Tue Jun 24 17:13:07 UTC 2014

On Tue, 24 Jun 2014 21:55:21 +0530, C K Kashyap <ckkashyap at gmail.com> wrote:
> Again, I doubt about String since even if I change the number of files to
> 12000 - the perl program finishes in less than a second.

There are just so many things wrong with String and the String API,
these are all colliding:

1. String is based on Char, which is a horribly inefficient
representation of characters (a tagged machine word, possibly 64 bit,
representing the UCS code point)

2. String is based on [], which are lazy linked lists - For each single
character, you have a heap-allocated pointed to a heap-allocated Char
and the heap-allocated rest of the list; traversing the String to
compute its length involves going through the entire heap, dereferencing
after every single step, and pattern matching on the (:) constructors
(which also requires a branch), garbage collecting the unused
intermediate structures along the way.

3. readFile is based on lazy IO, which means it opens the Handle and
leaves it dangling, then returns some values that, when forced, will
dynamically cause it to read some more bytes from the disk, allocate
heap objects for them, write them in there, and leave the Handle
dangling again.

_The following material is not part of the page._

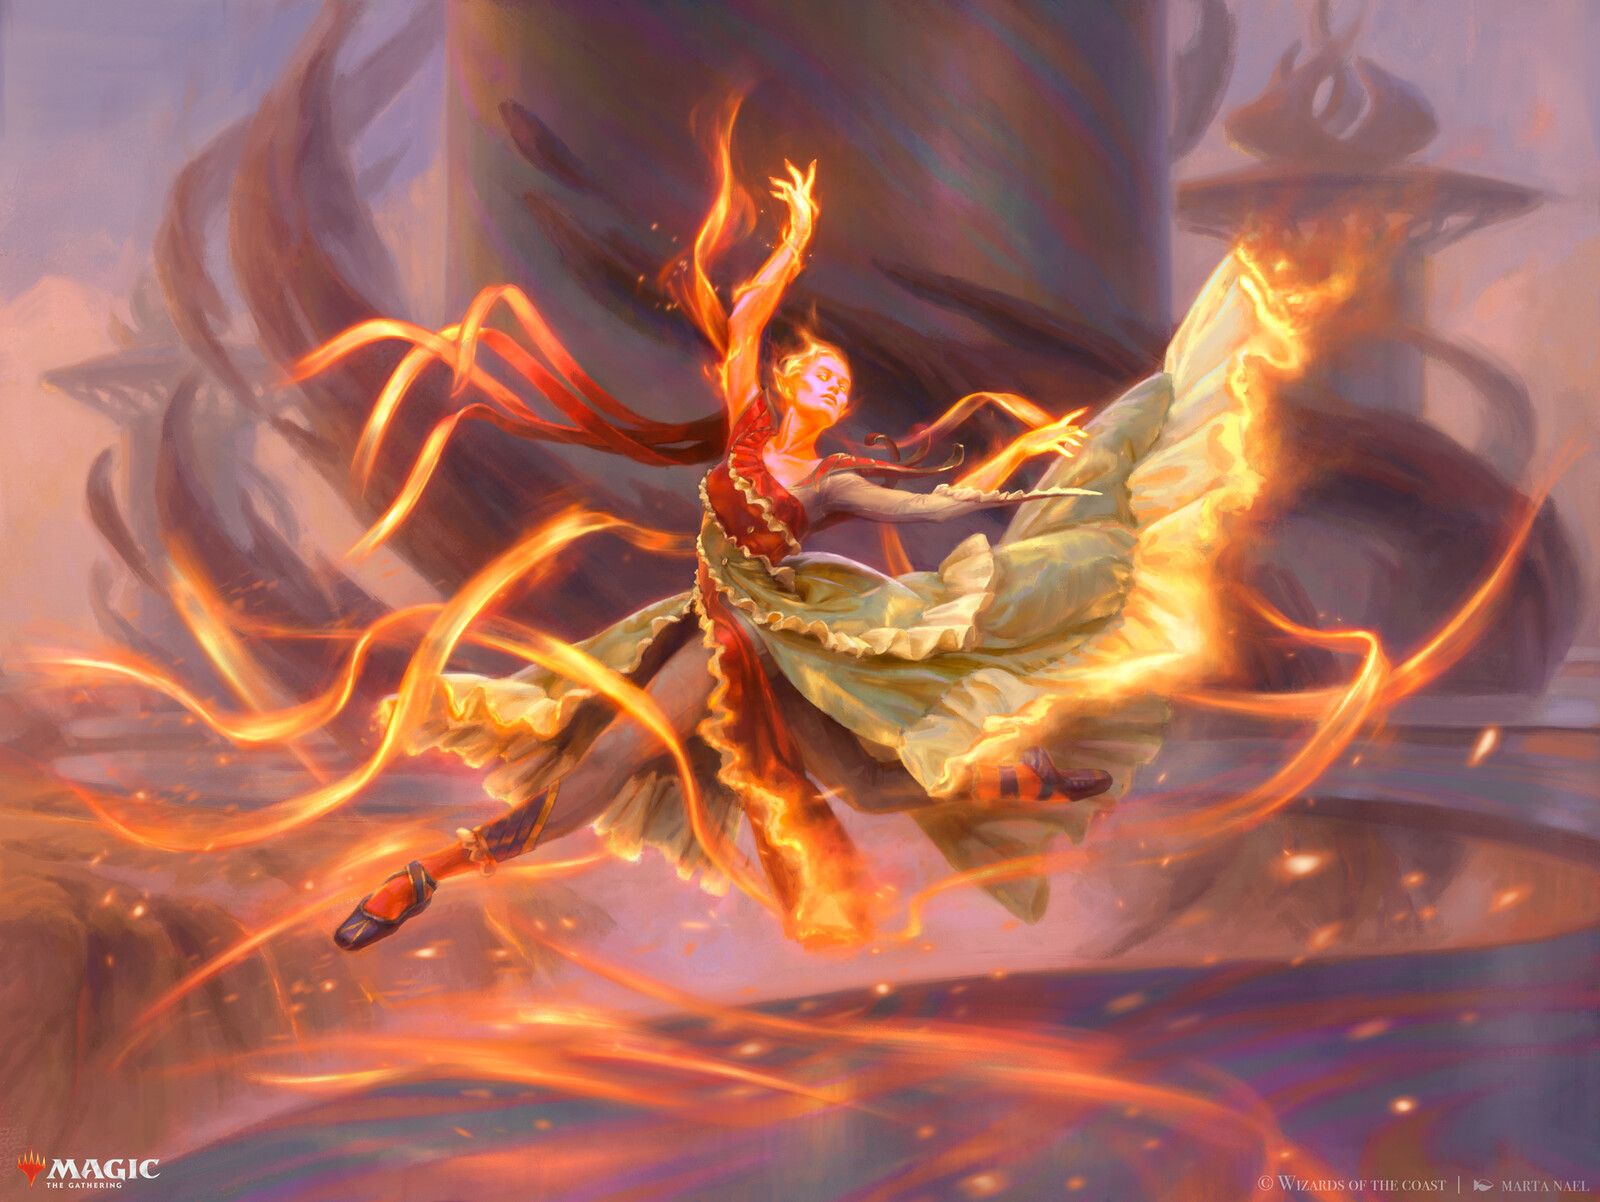 Magic: The Gathering - Efreet Flamepainter

Only when you reach the end of the file does the Handle
eventually automatically get garbage collected and the file therefore
closed. (In theory; no practical guarantees on when it actually gets
closed)

4. All the while, your program is churning through the files like mad,
creating more and more dangling pointers that are just precariously
hanging around all over the place.

Contrast this to what the simple change to B.readFile and B.length does:

ByteString is basically a pointer to some array of bytes in memory,
together with its length. all B.readFile has to do is read in the bytes
1:1 without allocating anything other than a single fixed sized buffer
to hold them all, the size of which is given by the file size.
All B.length has to do is return the already-known size of the buffer.
After the handle is opened and the contents read in, it's immediately
closed. No garbage collection necessary other than eventually freeing up
the buffer used to store its contents - a single operation. (In addition
to the pointer itself, which is stored in the heap)

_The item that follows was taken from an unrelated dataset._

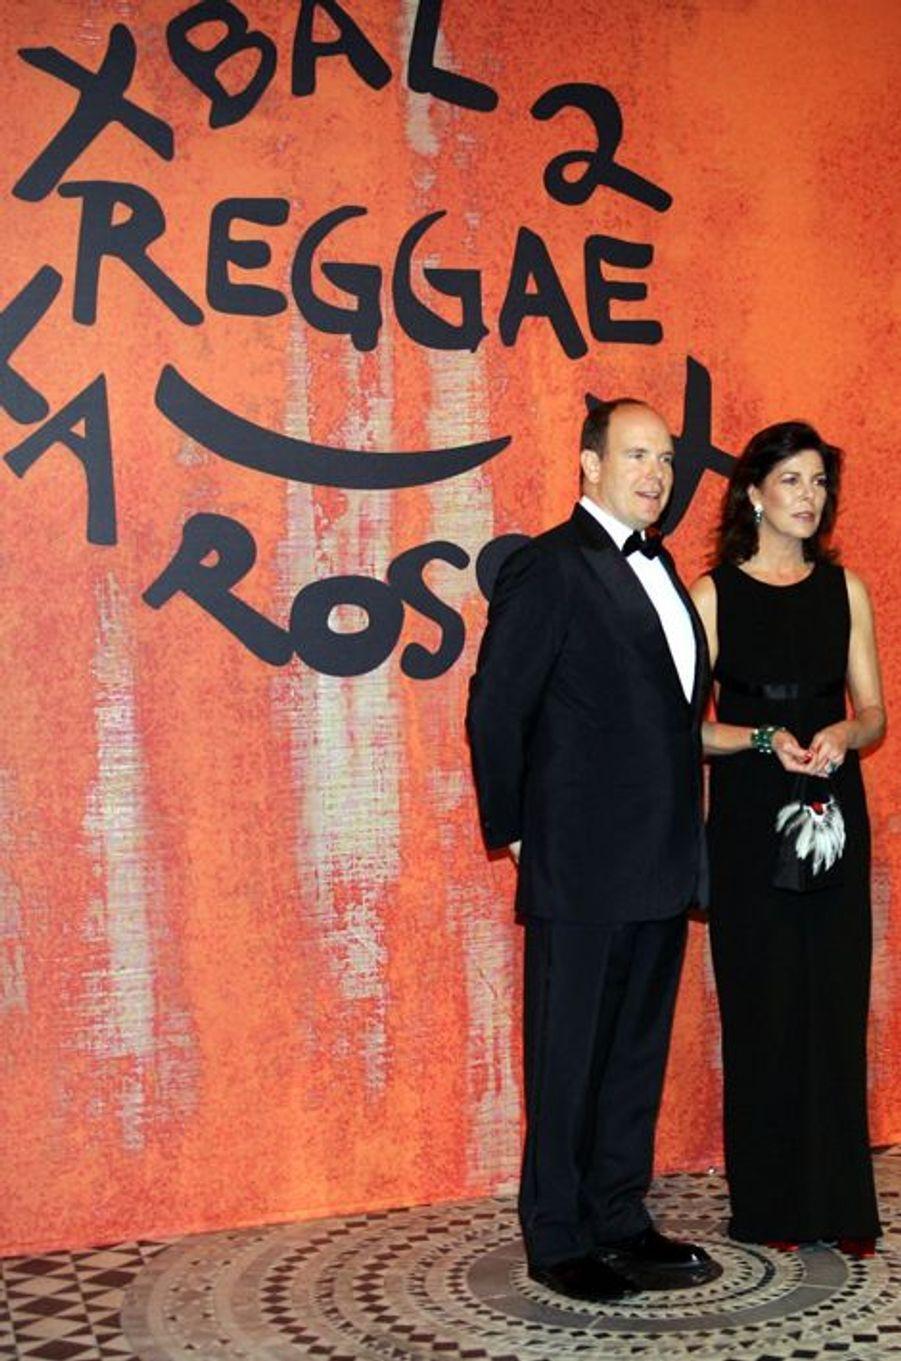 La princesse Caroline de Monaco au bal de la Rose 2006, avec le prince Albert II

As you can see, there is a complete world of difference between the two
approaches on many levels - runtimes differing by one or even many
orders of magnitude are no surprise. Some would go as far as to say that
the String based file I/O APIs should be removed completely.

Either way, you could make your operation even more efficient by not
opening the files at all and just consulting their length through
filesystem APIs.